The 2024 Armourers and Brasiers' Cambridge Forum will be held on Tuesday 18th June 2024. The afternoon programme includes talks, the award of the Armourers & Brasiers’ Materials Science Venture Prize, displays of current research, and the 25th Kelly Lecture.

Photo of Mark Ediger

Glasses, but not as you know them!
— surface-mediated assembly of ultrastable and structured states

Professor Mark Ediger
University of Wisconsin-Madison, USA

Mark Ediger received his Ph.D. from Stanford University in 1984 and moved to the University of Wisconsin-Madison as an assistant professor in the Department of Chemistry.  He is currently the Hyuk Yu Professor of Chemistry at UW-Madison.  His research is focused on organic glasses, both polymeric and low-molecular-weight materials.  Current research projects include mobility induced in glasses by deformation and the formation of ultrastable and anisotropic glasses by physical vapour deposition.  Ediger has served on advisory boards for Macromolecules, the Journal of Polymer Science B: Polymer Physics Edition, and the Journal of Chemical Physics, and is currently an Associate Editor for the Journal of Chemical Physics. He has served as Chair of two Gordon Conferences: Polymer Physics and Chemistry and Physics of Liquids. He received the American Physical Society’s Dillon Medal in 1993 and also the Polymer Physics Prize in 2015, as well as the American Chemical Society Hildebrand Award for the Experimental and Theoretical Chemistry of Liquids in 2013. He is a Fellow of the American Association for the Advancement of Science.

Abstract

Physical vapour deposition (PVD) can produce glasses with remarkable properties, including high density and high kinetic stability.  By some metrics, these are the most stable glasses on the planet.  The properties of PVD glasses can be explained by the surface equilibration mechanism.  Even though the substrate is held below the glass-transition temperature Tg, the glass surface is highly mobile and this allows incoming molecules to sample many packing arrangements before being buried by further deposition.  In this process, the sample can equilibrate well below the conventional Tg.  Initial work with organic glasses has now been extended to show aspects of ultrastability in metallic and chalcogenide glasses.

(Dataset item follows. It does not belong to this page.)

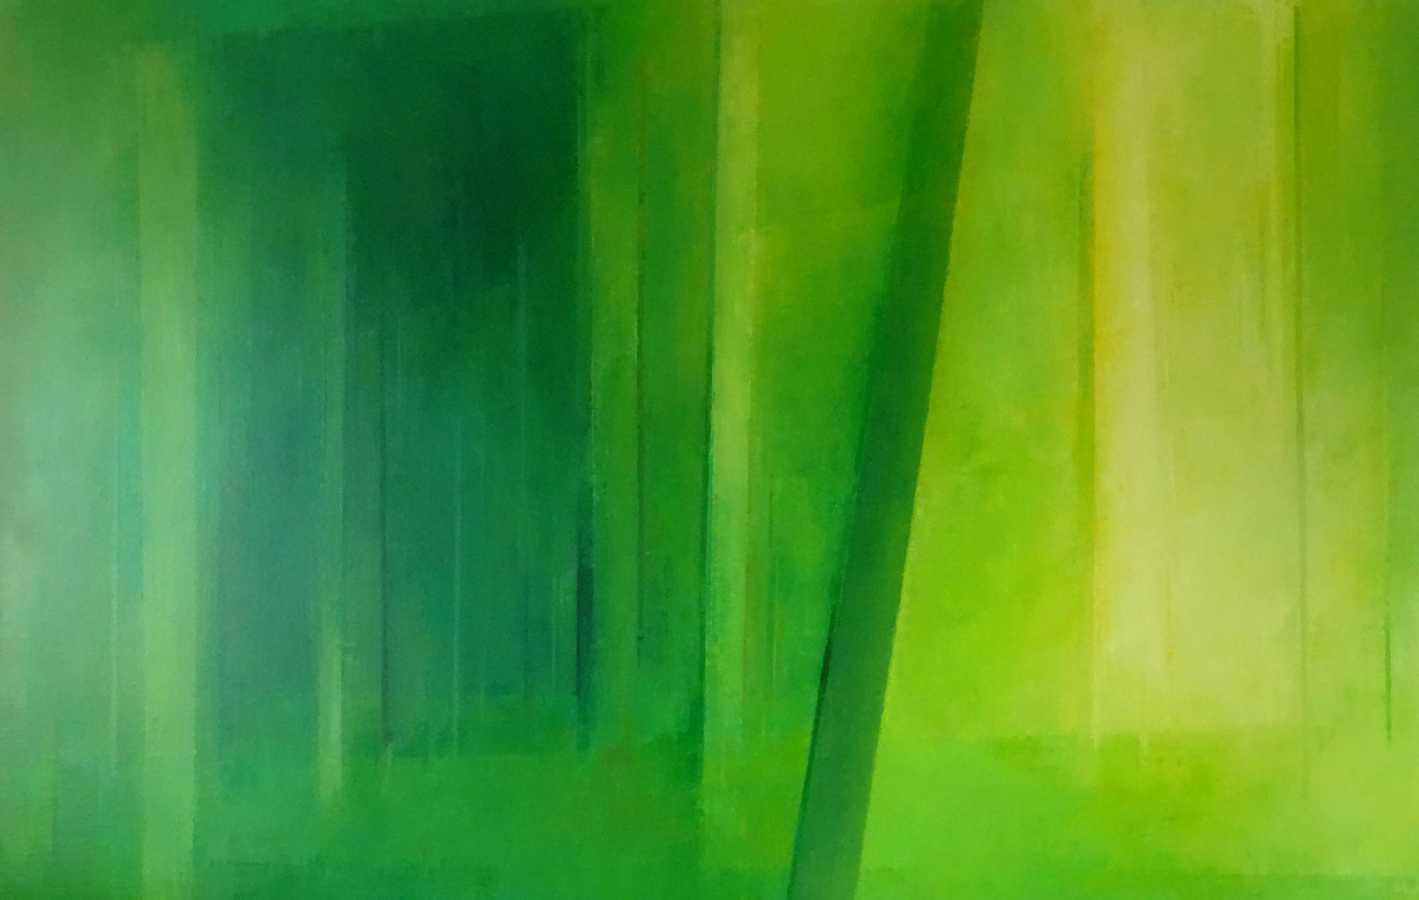 Karsch Manfred alkotása, 2010

The primary application of PVD glasses is organic light-emitting diode (OLED) displays, which are used for almost every mobile phone.  High-stability glasses make displays that last longer. During PVD, equilibration occurs in an anisotropic environment (the free surface) and this creates the opportunity to form anisotropic glasses.  For OLEDs, controlling anisotropy leads to brighter displays. Co-deposition allows controlled preparation of domain structures and this may be important for organic photovoltaic devices. The surface equilibration mechanism allows an understanding of all these examples.

 

Promoting Materials Science to Industry and Academia

The Armourers and Brasiers' Cambridge Forum is held annually at the Department of Materials Science & Metallurgy in Cambridge with the aim of raising the profile of materials science in the UK academic and industrial communities, while being international in scope. The Forum attracts high-level involvement from industry, research councils and other influential bodies. It incorporates the Kelly Lecture and the Gordon Seminars, inaugurated in 1999 to mark the opening of the Gordon Laboratory in the Department. It is generously supported by the Armourers and Brasiers' Livery Company and a number of other sponsors.